Pour rompre avec le conservatisme ambiant, il est aussi urgent de revenir à l'histoire. Après la Seconde Guerre mondiale, lorsque la dette publique a atteint des niveaux supérieurs à ceux observés aujourd'hui, la plupart des pays ont mis en place des taxes exceptionnelles sur les actifs privés les plus élevés. C'est notamment le cas en Allemagne avec le système L'équilibrage de charge (ou « partage du fardeau », qui a fait l'objet d'une belle étude historique de Michael Hughes, Porter le fardeau de la défaite, UNC Press, 2009), adopté par la majorité chrétienne-démocrate en 1952. Avec un taux pouvant aller jusqu'à 50% sur les plus gros actifs financiers et immobiliers.
En trente ans, ce système a apporté 60 % du PIB à l'État, à une époque où les milliardaires étaient moins prospères qu'aujourd'hui.
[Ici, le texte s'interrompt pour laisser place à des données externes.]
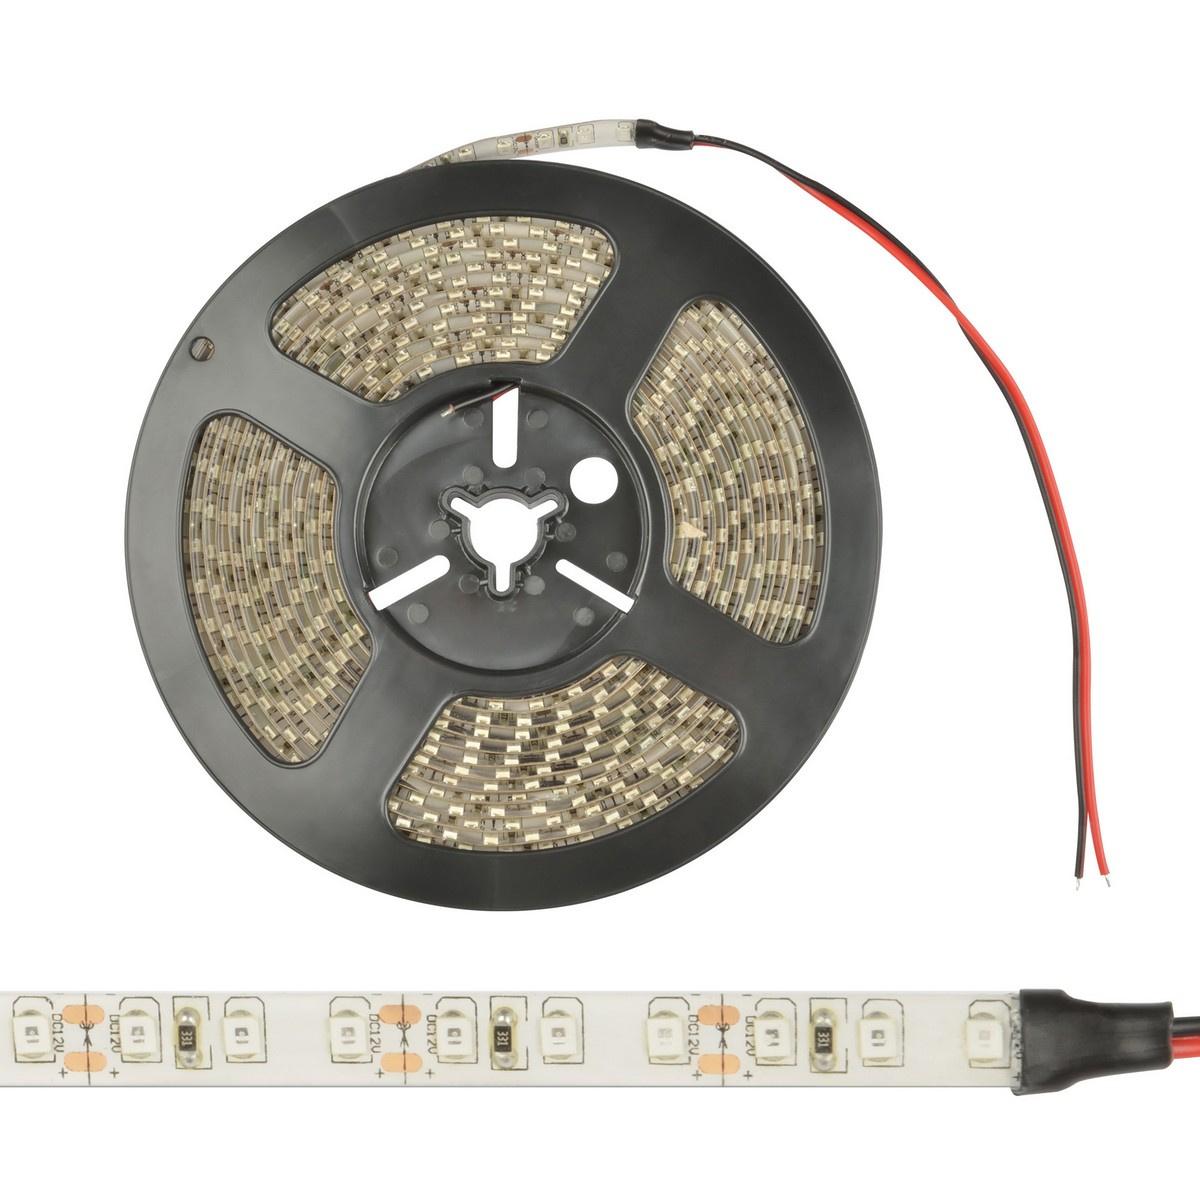 Светодиодная влагозащищенная лента Uniel (UL-00000894) 9,6W/m 120LED/m 2835SMD теплый белый 5M ULS-2835-120LED/m-8mm-IP65-DC12V-9,6W/m-5M-WW лента светодиодная эра ls3528 120led ip65 ww eco 5m

Combiné à la réforme monétaire de 1948 et à l'annulation de la dette extérieure en 1953, ce système a permis à l'Allemagne de se débarrasser de sa dette publique sans recourir à l'inflation (qui avait fait tant de mal dans les années 1920) sur la base d'un objectif crédible de protection sociale. justice.
Il est grand temps de revenir aux racines de la reconstruction réussie de l'Europe d'après-guerre.
*Thomas Piketty est directeur de recherche à l'École des Hautes Études en Sciences Sociales et professeur à l'École d'économie de Paris. Auteur, entre autres livres, de Capitale au XNUMXème siècle (Intrinsèque).
Traduction: Aluisio Schumacher sur Portail Carta Maior.